La tierra informe


2La tierra era caos y vacío, la tiniebla cubría la faz del abismo y el espíritu de Dios se cernía sobre la superficie de las aguas. (Génesis 1, 2).

1, 2a   La tierra era caos y vacío

La tierra como materia informe. Con estas palabras se indica la informidad -a fin de no ser gradualmente preparados aquellos que no pueden pensar o concebir una privación absoluta de forma que no llega, si embargo, a la nada- de donde había de salir otro cielo y tierra visible y compuesta. Agustín, Las confesiones, 12, 15.

1, 2c   El espíritu de Dios se cernía sobre la superficie de las aguas

La creación por el Espíritu. En efecto, adornada la bóveda del cielo, el Espíritu sabiamente aleteaba sobre la tierra, destinada a dar fruto, porque gracias a Él las semillas de los nuevos productos debían germinar de acuerdo con lo que dijo el profeta: "Envía tu Espíritu, y serán creados, y renovarás la faz de la tierra". Ambrosio, Los seis días de la creación, 1, 8, 29.

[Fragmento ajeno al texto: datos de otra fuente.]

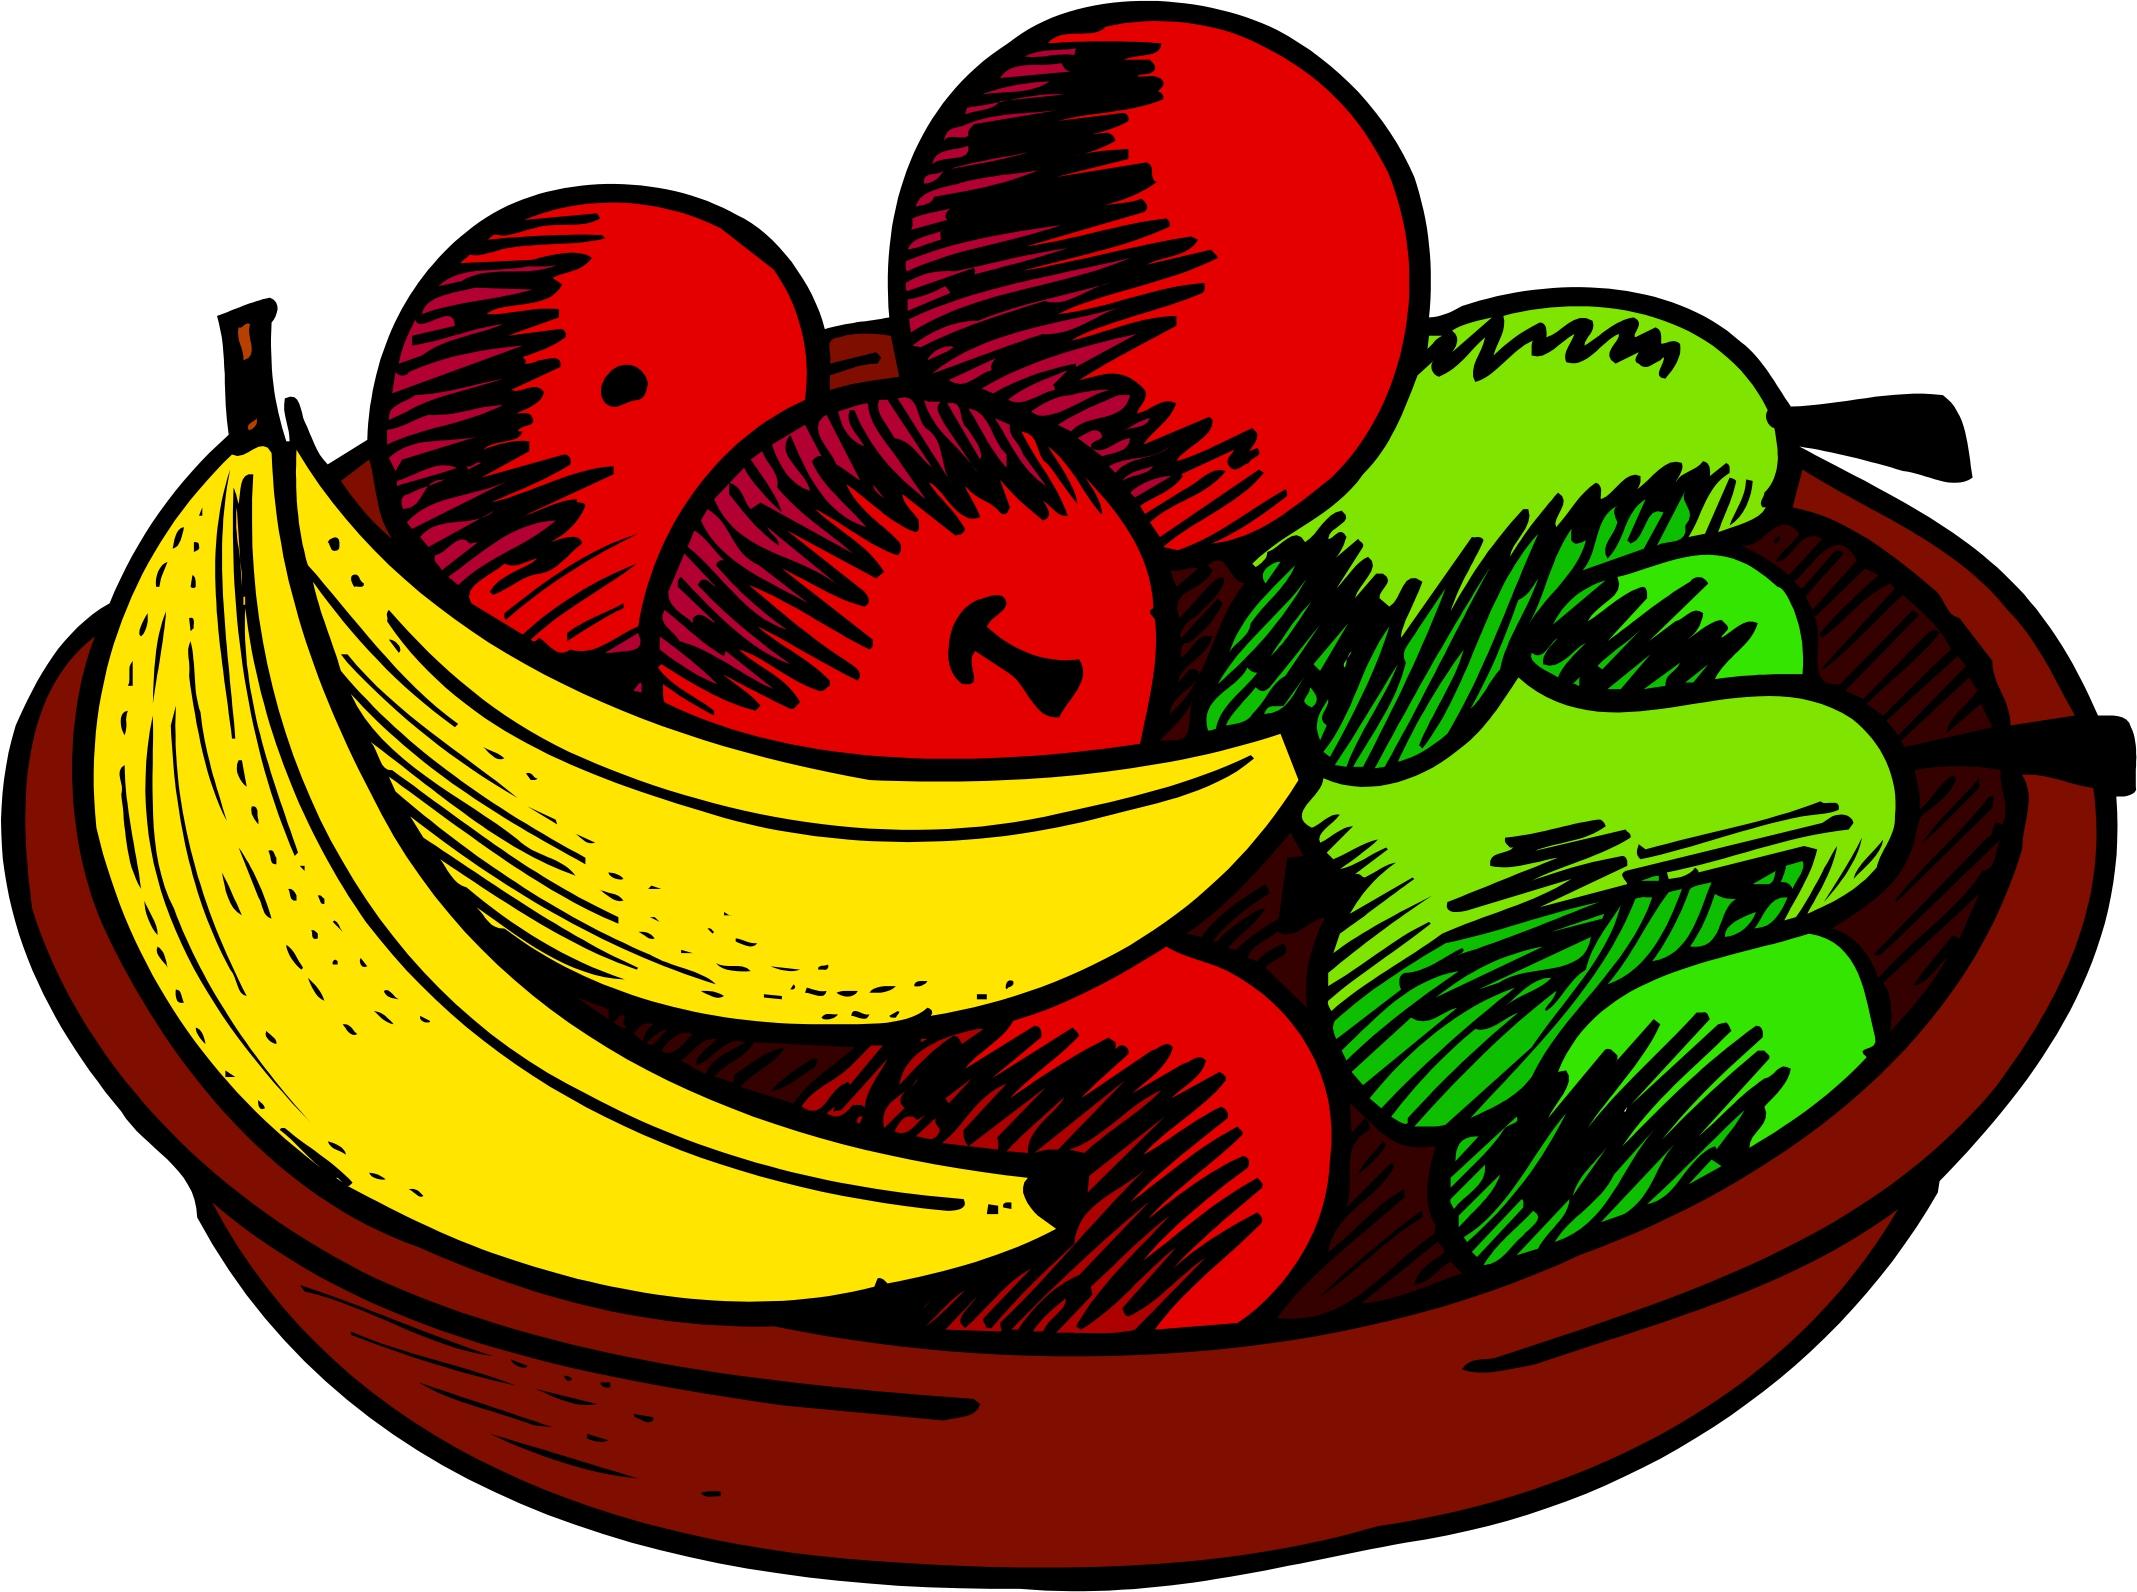 2137x1592 Fruit Basket Clipart 101 Clip Art
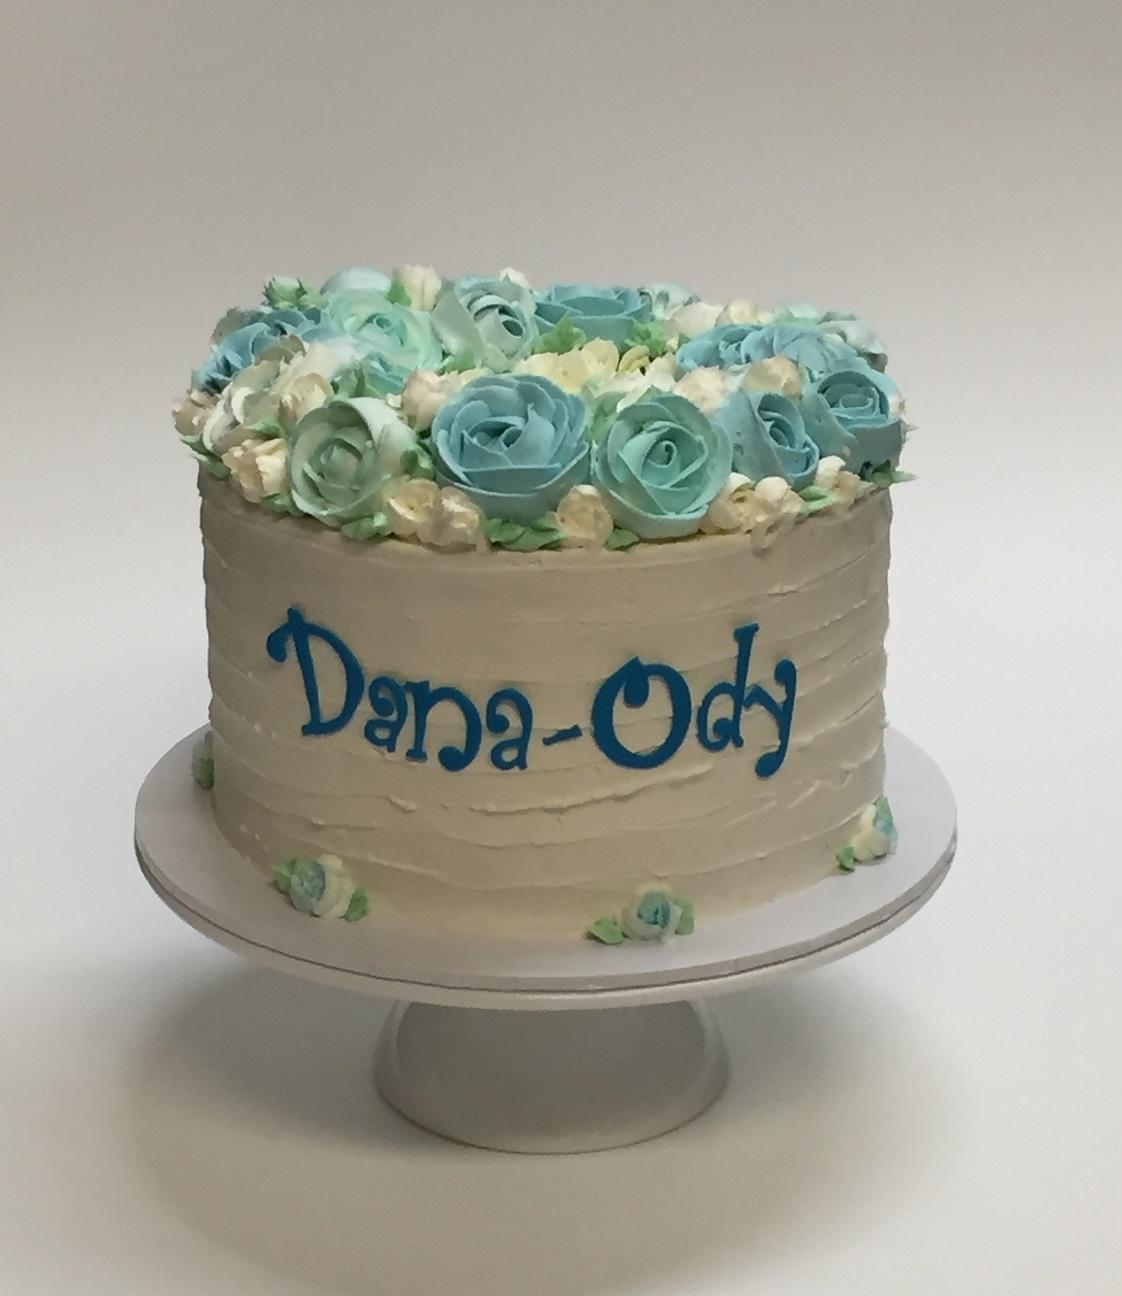 Dana -Ody

Un símbolo del bautismo. Al principio del Génesis encontramos escrito: "Y sobre las aguas se cernía el Espíritu". Y a continuación se añade: "Y las tinieblas cubrían los abismos". Prestad, pues atención a lo que se dice al principio del Génesis. Ello se sitúa en un plano espiritual. Dice: "Y sobre las aguas se cernía el Espíritu". Ya por aquel entonces hacía alusión al bautismo. En efecto, no podía existir el bautismo sin el Espíritu. Jerónimo, Tratado sobre los Salmos, 76.

La creación comenzó gracias al Espíritu. El Espíritu Santo sopló sobre las aguas de tal modo que las hizo fértiles. Es similar a la imagen de una gallina que se sienta sobre los huevos y que, por medio del calor de la incubación, los calienta y los hace fértiles. También aquí nos tipifica una figura del santo bautismo que está por venir: por medio del descenso del Espíritu se engendra a los hijos de Dios. Efrén de Nisibi, Comentario sobre el Génesis, 1.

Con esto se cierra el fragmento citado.